The following diagrams are scatter plots of some of the covariates vs. RESIDENT_MEMORY. This is used to consider interactions or transformations .In the following graphs, Y vs X implies Y on the vertical axis and X on the horizontal. 'log(A,2)' is the log of A with respect to base 2.

http://blog.mozilla.com/metrics/files/2012/02/addon.png

1(a) log(RESIDENT_MEMORY in bytes,2) vs. Log(# of Addons,2) by Version

http://blog.mozilla.com/metrics/files/2012/02/memsize.png

1(b) log(RESIDENT_MEMORY in bytes,2) vs. Log(Memsize in bytes,2) by Version

http://blog.mozilla.com/metrics/files/2012/02/hasfb.png

http://blog.mozilla.com/metrics/files/2012/02/resmem.png

Observations:

  1. there doesn't seem to be interaction with version except for a feeble one in (1c)
  2. 1(d) is also called the Empirical Cumulative Distribution Function.. If the distribution were uniform, it would be a diagonal at 45 degrees. The panel for '12' indicates that 60% of the obs. are less than 218 bytes.
  3. In summary, he data set is extremely noisy. Though the assumptions of modeling are met (independence etc) the variables only explain 35% of the variation (not even 50) as seen from the ANOVA R2.
  4. 1(a): definite increasing trend with log(addon+1) but there is so much variation! and no difference across versions.
  5. 1(b): same as (2) except that in 12 the flattening happens earlier though flattens at a higher value than 10,11. I expect some flattening to happen, why would RESIDENT_MEMORY increase continuously just because memory size is bigger?
  6. 1(c): marginal difference, but again so much noise.
  7. 1(d) the distribution of RESIDENT_MEMORY is almost same for 10,11,12 with a slight upward shift for 12.

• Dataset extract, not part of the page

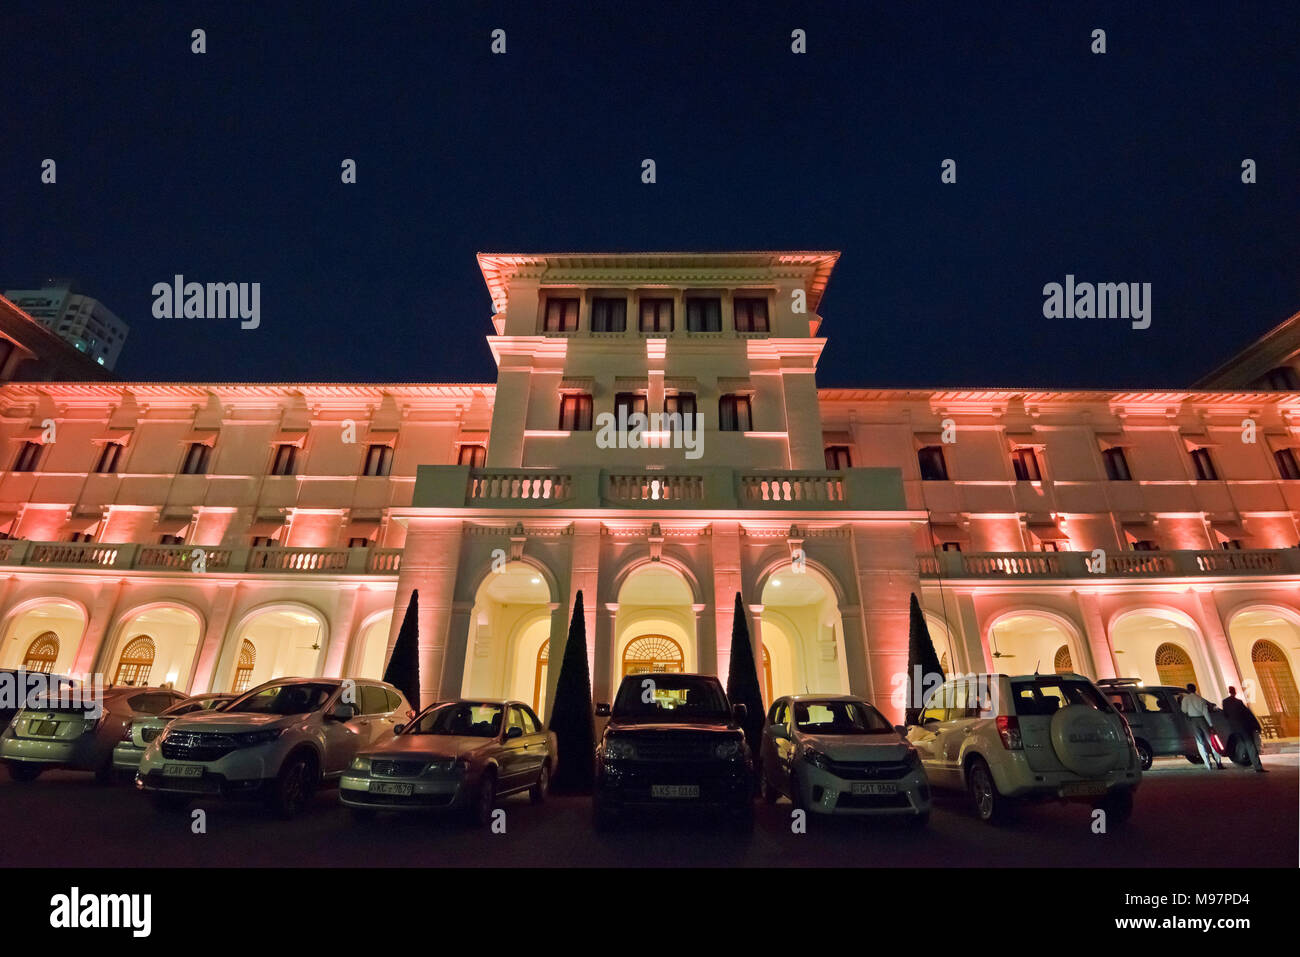 Vue horizontale de la Galle Face Hôtel à la nuit à Colombo, Sri Lanka. Banque D'Images
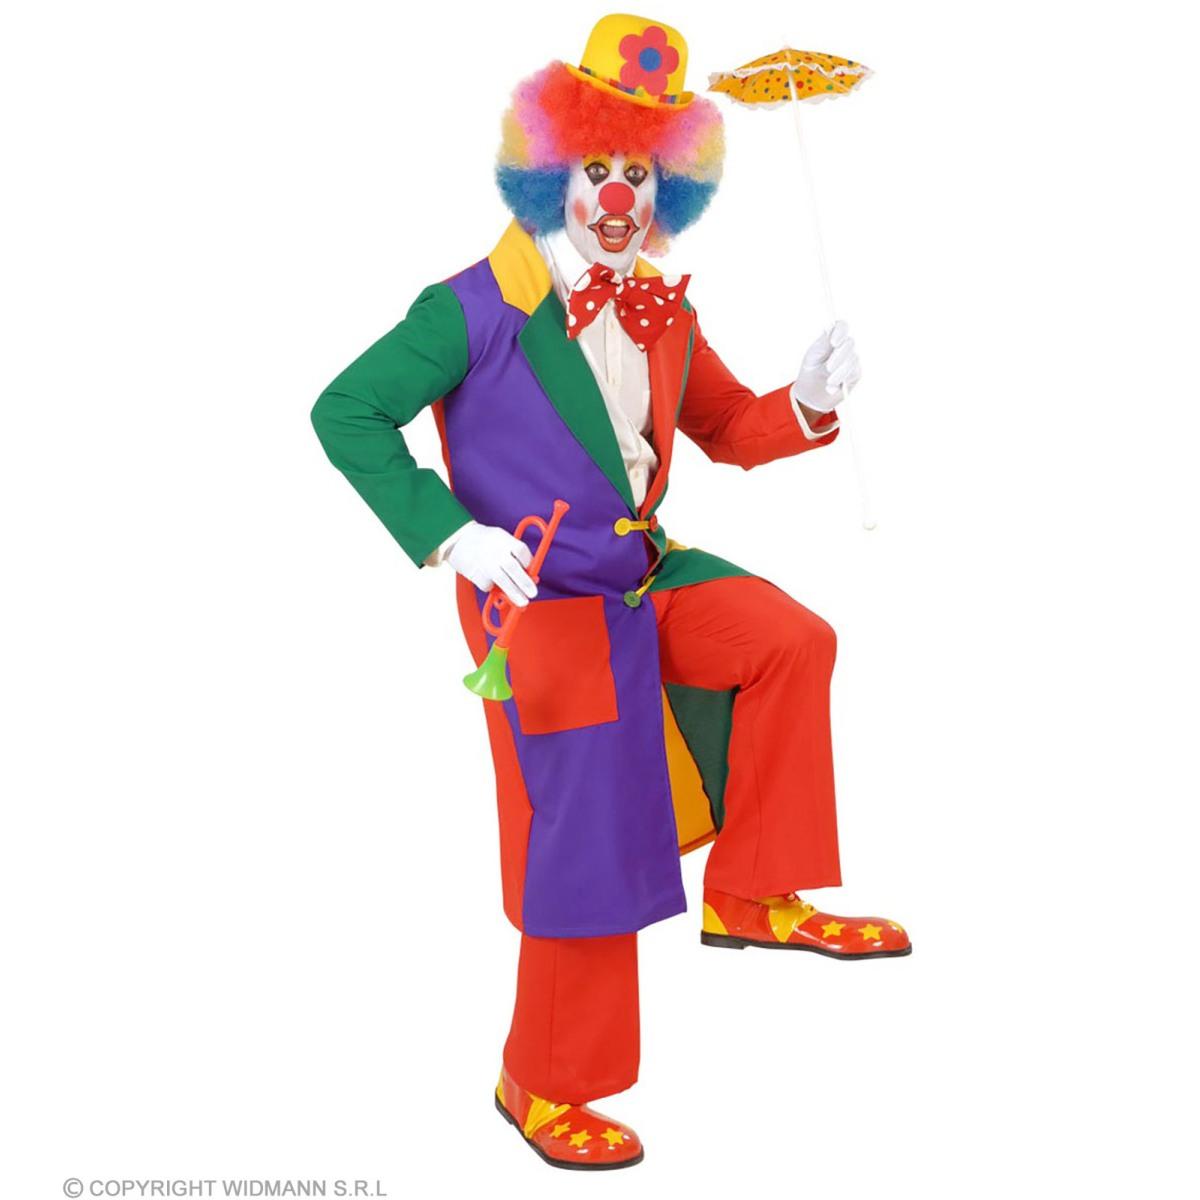 Costume Giacca Clown Multicolor

We cannot expect a great fit with these variables. The next is a panel display of QQ plots of 100 random ANOVA residuals. Statistical inference in in this particular case study requires that the residuals be Gaussian distributed. Here 'normal' means the Normal distribution. They aren't perfectly Normal, but the departure looks acceptable. Not included are the other displays such Scale-Location plots, though upon inspection they show no relation between scale and location (i.e. variances does not depend on mean).

http://blog.mozilla.com/metrics/files/2012/02/qq1.png

1.3 Interpretation

Averaging the coefficients of 1000 regression produces the following parameter table. Though the estimates are precise the R squared itself is not the highest - a lot of explanation is required. Explanation of the table follows below it. The model is \(log(RESIDENT MEMORY,2) \sim version +log(addon+1,2) + hasFirebug(fb) + log(memorysize,2)\)

The first column of numbers is the left end of the 95% confidence interval of the coefficient, and the 3rd column is the upper end of the 95% CI.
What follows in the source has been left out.